On Friday at the end of the day I loaded my car with the last of my things from my on-campus office. Said goodbye to … well, no one, really, but I got a nice Slack message … and drove to the house. My lovely bride’s car was the only one in the drive.
These guys are fast!
I pulled in the garage, slid out the boxes from my office and stacked them in the fledgling pile of stuff we’ve actually put in the garage and walked inside, expecting a forest of boxes. Columns of cardboard, a feat of fort-making.
And there’s my lovely bride, packing a box.
Where, I asked, are the packers?
She gave me the smile that isn’t a smile, but is a smile, but really isn’t. The packers hadn’t turned up.
And so I joined her. She’d already made a frantic dash out to pick up a few boxes from stores and then hit the U-Haul and bought every packing supply they had in stock, and we got to work.
There was some back and forth with the no-show packers. They weren’t coming until so and so. And then they didn’t come. And then they didn’t come on Saturday. After which, we started demanding our money back. And some of it has been refunded. The next call, because we have time for this nonsense right now, is going to go like this: All of my money back, right now. Otherwise, you’re going to have two media professionals who have an embarrassing, embarrassing, array of media contacts and two months with nothing better to do than talk about you.
(Update: They fully refunded the charge.)
So we packed all night Friday. We packed all day Saturday, until about 8 p.m., when there was a small going away party held in our honor with The Yankee’s triathlon team. We packed all day Sunday. At one point yesterday I was packing some particular box and got sidetracked to help with another packing chore, but was then sidetracked by still two more packing tasks. It was ridiculous. We have packed all day today. (I spent most of that time doing some real work in the garage.) We’ll be packing still tomorrow.
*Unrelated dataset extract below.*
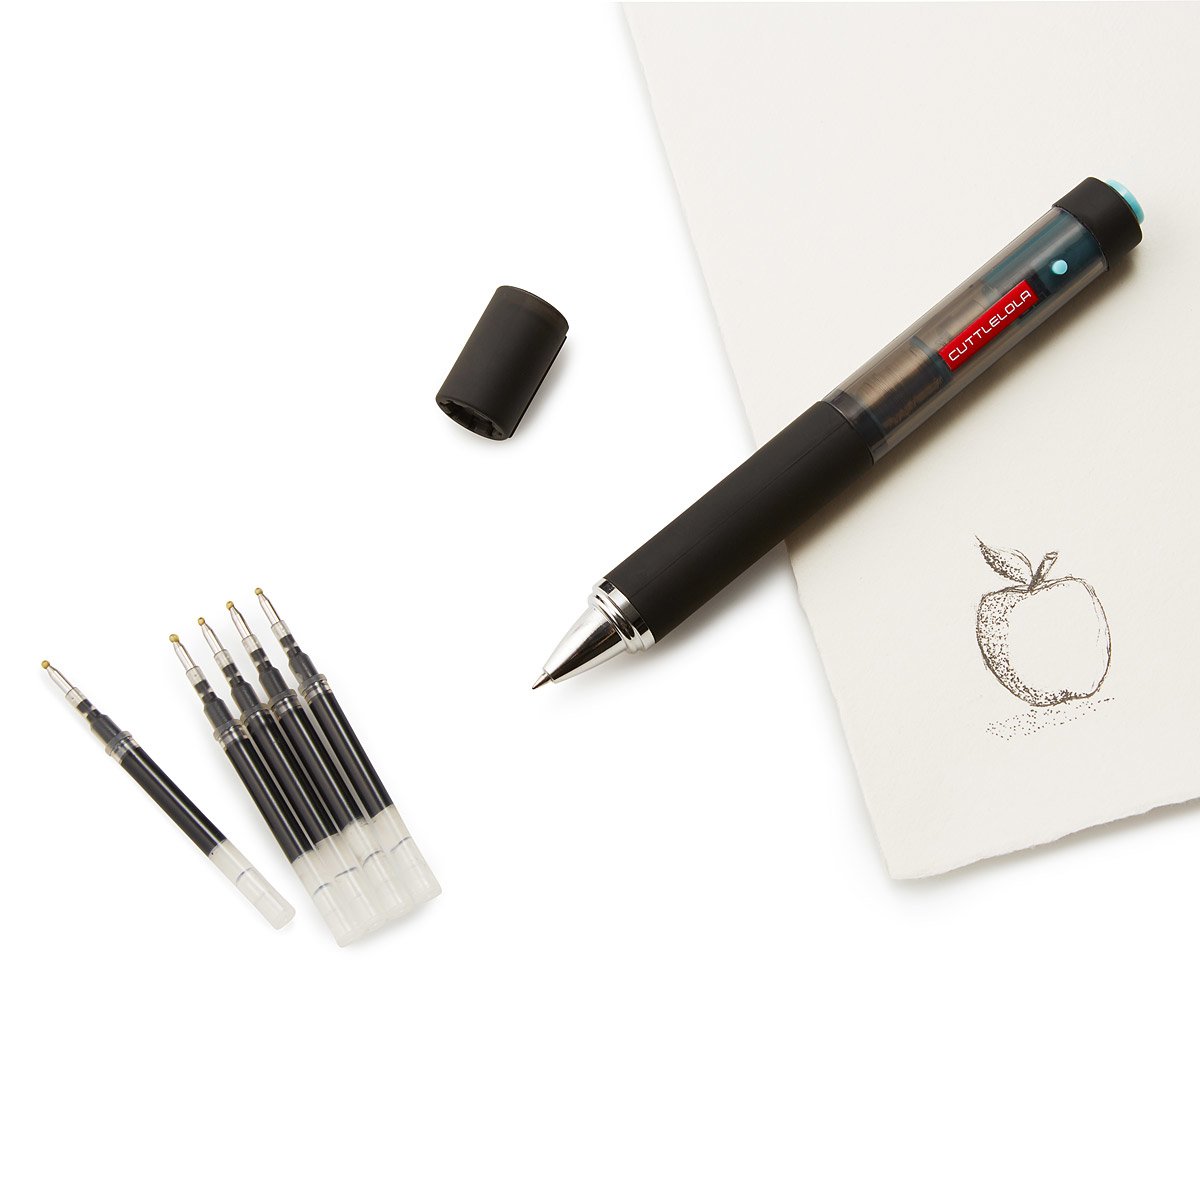 cuttlelola, dotspen, autopens, stippling pen, electric pen, tattoo pen,  pointillism pen, artists pen.

At times, it looks like we’ve made a dent and the spirits are high. Progress! At times you can stand in the same spot and see not the momentum, but all of the things still to do, and you can see how this will never be over. Despair.
At every moment there is something to trip on. Sometimes there is something to trip on, and then you land in something else to stumble over.
Fortunately, we’ve been alternating the emotions between us, so someone is always on an upswing and lifting the other along.
These rotten packers.
The movers, a different company, show up tomorrow morning.
Music is doing us a lot of good right now. There’s been a curious sort of traffic pattern throughout the house. For a while, for some reason, The Yankee will work on something upstairs and I will work on something downstairs. And then she moves downstairs and I drift upstairs. I can’t say it is effortless, because everything is a huge effort right now, but it’s an easy flow. And there’s always some song or another as we pack. And usually two. So here’s some more Indigo Girls from their recent show at The Ryman.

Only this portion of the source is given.